§ Data provided:
▽

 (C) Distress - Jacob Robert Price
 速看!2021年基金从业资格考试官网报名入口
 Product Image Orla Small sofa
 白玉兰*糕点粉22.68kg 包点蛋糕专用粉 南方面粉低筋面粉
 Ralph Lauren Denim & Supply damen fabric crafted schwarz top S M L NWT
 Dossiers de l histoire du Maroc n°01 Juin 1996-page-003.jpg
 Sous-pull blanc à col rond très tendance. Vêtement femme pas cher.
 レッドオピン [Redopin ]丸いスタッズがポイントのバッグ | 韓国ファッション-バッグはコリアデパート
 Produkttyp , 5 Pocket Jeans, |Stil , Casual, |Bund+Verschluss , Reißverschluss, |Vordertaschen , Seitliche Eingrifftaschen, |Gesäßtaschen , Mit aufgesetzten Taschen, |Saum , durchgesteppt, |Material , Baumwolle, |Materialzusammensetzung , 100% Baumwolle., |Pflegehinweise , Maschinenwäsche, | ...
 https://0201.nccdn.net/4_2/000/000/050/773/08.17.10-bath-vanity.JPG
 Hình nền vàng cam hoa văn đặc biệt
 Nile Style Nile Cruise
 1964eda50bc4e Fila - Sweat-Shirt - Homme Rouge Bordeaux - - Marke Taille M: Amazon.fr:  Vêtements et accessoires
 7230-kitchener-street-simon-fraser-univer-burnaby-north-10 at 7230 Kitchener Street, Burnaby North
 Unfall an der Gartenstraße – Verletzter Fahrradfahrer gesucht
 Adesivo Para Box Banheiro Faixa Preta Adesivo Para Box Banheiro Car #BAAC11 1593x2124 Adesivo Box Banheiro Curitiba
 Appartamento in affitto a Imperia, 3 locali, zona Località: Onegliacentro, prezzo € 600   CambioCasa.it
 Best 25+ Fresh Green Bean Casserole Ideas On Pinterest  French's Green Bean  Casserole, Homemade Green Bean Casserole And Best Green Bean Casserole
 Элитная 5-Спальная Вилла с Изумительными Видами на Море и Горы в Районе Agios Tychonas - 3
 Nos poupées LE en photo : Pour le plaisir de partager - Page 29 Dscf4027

△

Everything from the line with "1964eda50bc4e Fila - Sweat-Shirt" through the final line of the entries above must be duplicated exactly; both ends belong, and no other line does.

 1964eda50bc4e Fila - Sweat-Shirt - Homme Rouge Bordeaux - - Marke Taille M: Amazon.fr:  Vêtements et accessoires
 7230-kitchener-street-simon-fraser-univer-burnaby-north-10 at 7230 Kitchener Street, Burnaby North
 Unfall an der Gartenstraße – Verletzter Fahrradfahrer gesucht
 Adesivo Para Box Banheiro Faixa Preta Adesivo Para Box Banheiro Car #BAAC11 1593x2124 Adesivo Box Banheiro Curitiba
 Appartamento in affitto a Imperia, 3 locali, zona Località: Onegliacentro, prezzo € 600   CambioCasa.it
 Best 25+ Fresh Green Bean Casserole Ideas On Pinterest  French's Green Bean  Casserole, Homemade Green Bean Casserole And Best Green Bean Casserole
 Элитная 5-Спальная Вилла с Изумительными Видами на Море и Горы в Районе Agios Tychonas - 3
 Nos poupées LE en photo : Pour le plaisir de partager - Page 29 Dscf4027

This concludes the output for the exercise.